**EXCERPTED DATA:**
###

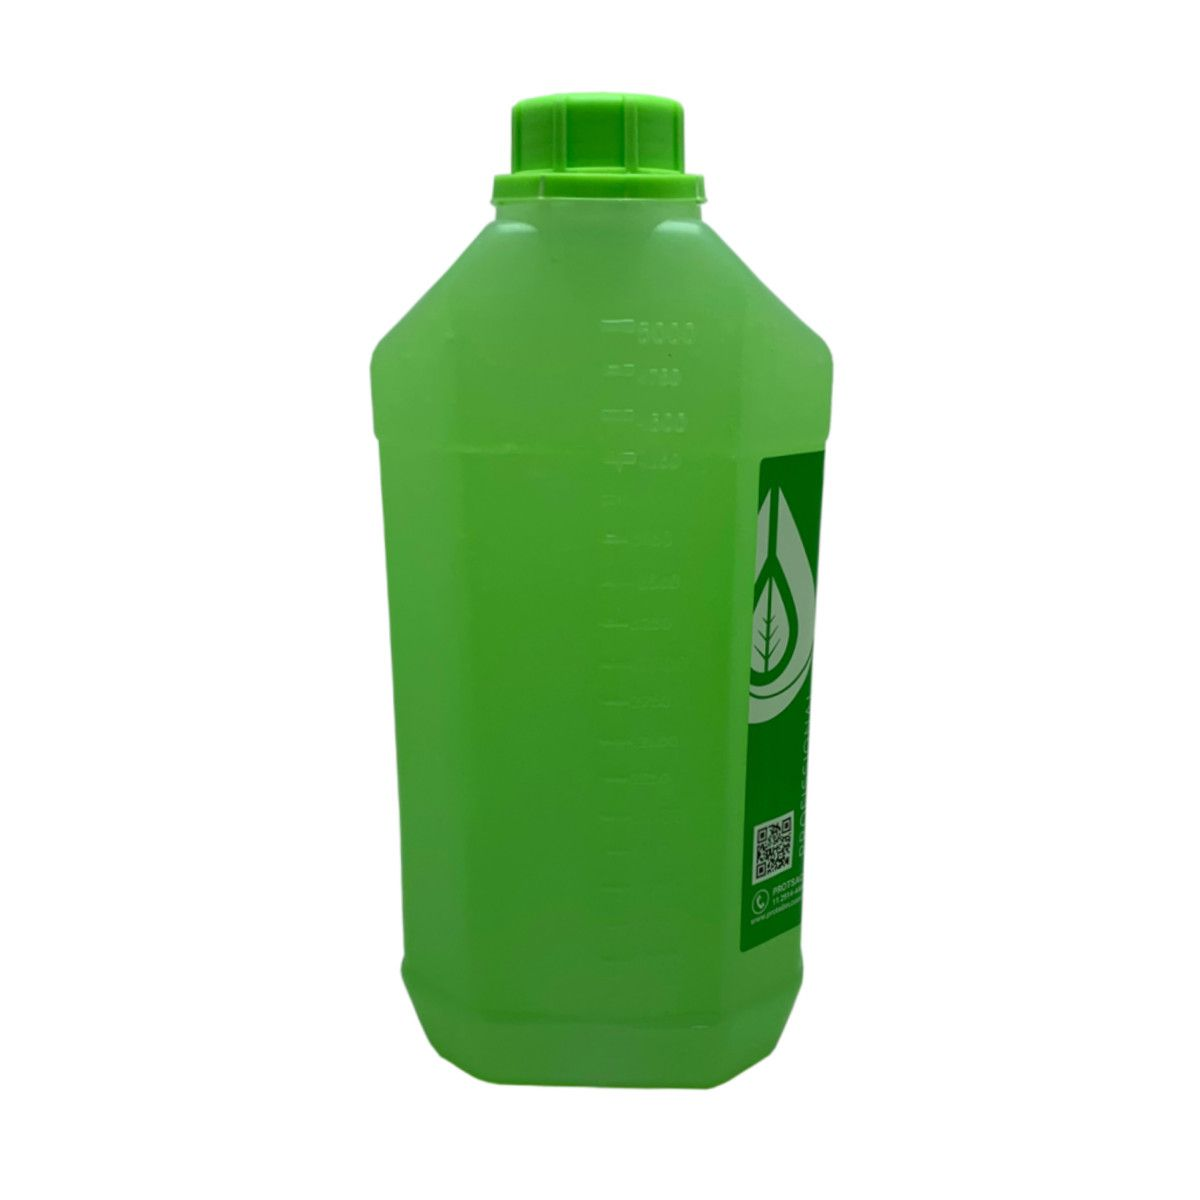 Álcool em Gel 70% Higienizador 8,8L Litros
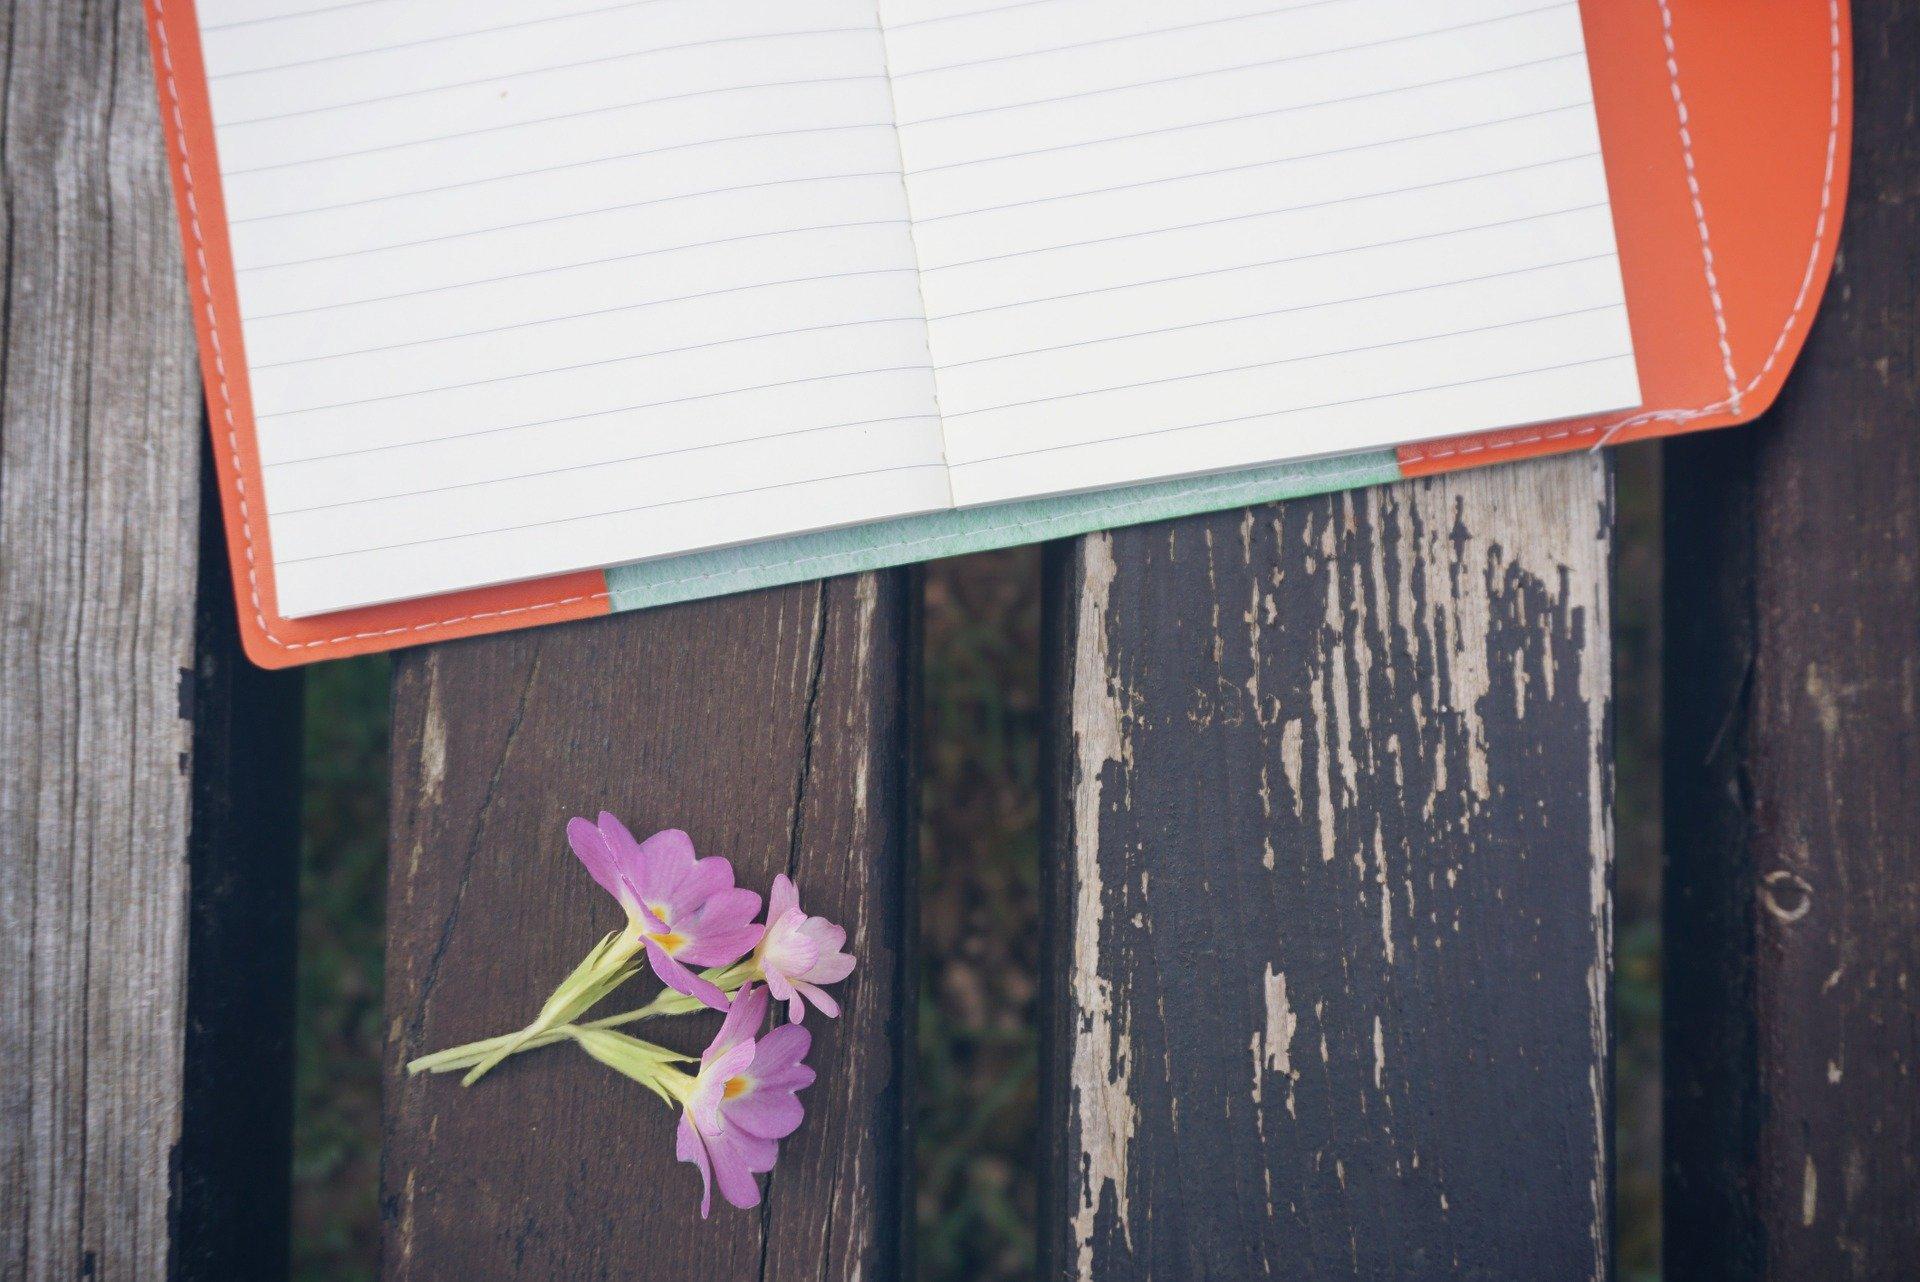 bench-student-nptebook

###

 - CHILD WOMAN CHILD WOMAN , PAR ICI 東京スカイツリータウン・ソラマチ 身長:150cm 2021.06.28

###

**WORK TO COMPLETE:**
Reproduce the data above exactly, but only from the line containing "Álcool em Gel 70% Higienizador 8,8L Litros" through the line containing "bench-student-nptebook"; skip the pictures.

**SOLUTION:**
 Álcool em Gel 70% Higienizador 8,8L Litros
 bench-student-nptebook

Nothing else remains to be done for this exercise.